Speaker introduction:Richard Sutton, Modern Computing One of the founders of type-based reinforcement learning, he is an outstanding research scientist at DeepMind, a professor at the Department of Computing Science at the University of Alberta, and a member of the Royal Society, the Royal Society of Canada, the Association for the Advancement of Artificial Intelligence, the Alberta Machine Intelligence Institute (AMII) and CIFAR researcher.
Sutton believes that the interaction between an intelligent agent and the external world Interact, send actions to it, and receive perceptions (feedback from it). This kind of interaction involving experience is the normal way of perception in reinforcement learning. It is also the normal approach used when letting an agent try to predict the external world. However, this approach is uncommon in supervised learning, which is currently the most common type of machine learning. Machine learning does not involve ordinary experience (Ordinary Experience), and the model does not learn from special training data that is different from ordinary experience. In fact, at runtime, supervised learning systems do not learn at all.
#So, experience is interactive (brought) data and a way to communicate with the outside world. Experience has no meaning unless it is related to other experiences. Of course, there is one exception: rewards expressed via special signals.
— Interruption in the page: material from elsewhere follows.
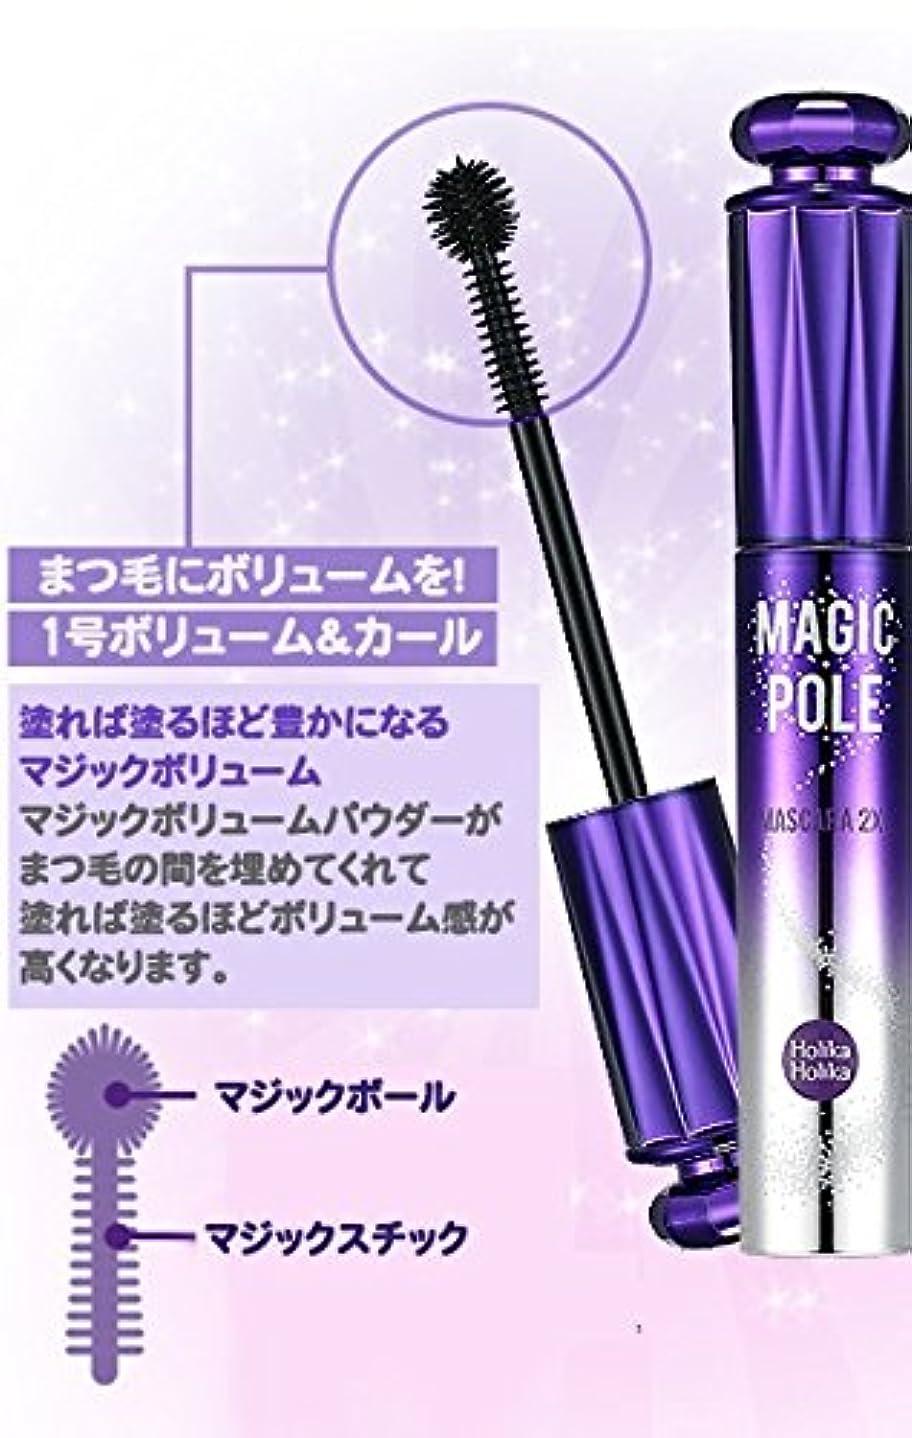 牧草地共和党調整するHolika Holika ホリカホリカ マジックポールマスカラ 2X 4類 (Magic Pole Mascara 2X) 海外直送品 (1号 ボリューム&カール)

Rewards represent good goals, and the agent certainly hopes to maximize the rewards.
#In his speech, Sutton raised a core question: What can ultimately explain intelligence? Are they objective terms or experiential terms? The former includes things such as states, goals, people, locations, relationships, spaces, actions, and distances in the external world that are not in the agent, while the latter includes things inside the agent such as perception, actions, rewards, time steps, etc. Sutton believes that although researchers usually think about objective concepts when communicating and writing papers, more attention should now be paid to the experiences generated by the interaction between agents and the external world.
In order to further introduce the importance of experience to intelligent agents, Richard Sutton proposed that as experience is gradually valued, a total of It went through four stages. They are: Agenthood, Reward, Experiential State, and Predictive Knowledge. After these four stages of development, AI gradually gains experience and becomes more practical, learnable, and easy to expand.
Agenthood The meaning is to have/gain experience (of AI). Perhaps surprisingly, early AI systems really had no experience whatsoever. In the early stages of the development of artificial intelligence (1954-1985), most AI systems were only used to solve problems or answer questions. They had no perception and could not act. Robots are an exception, but traditional systems only have a starting state and a goal state, like the stacked building blocks in the picture below.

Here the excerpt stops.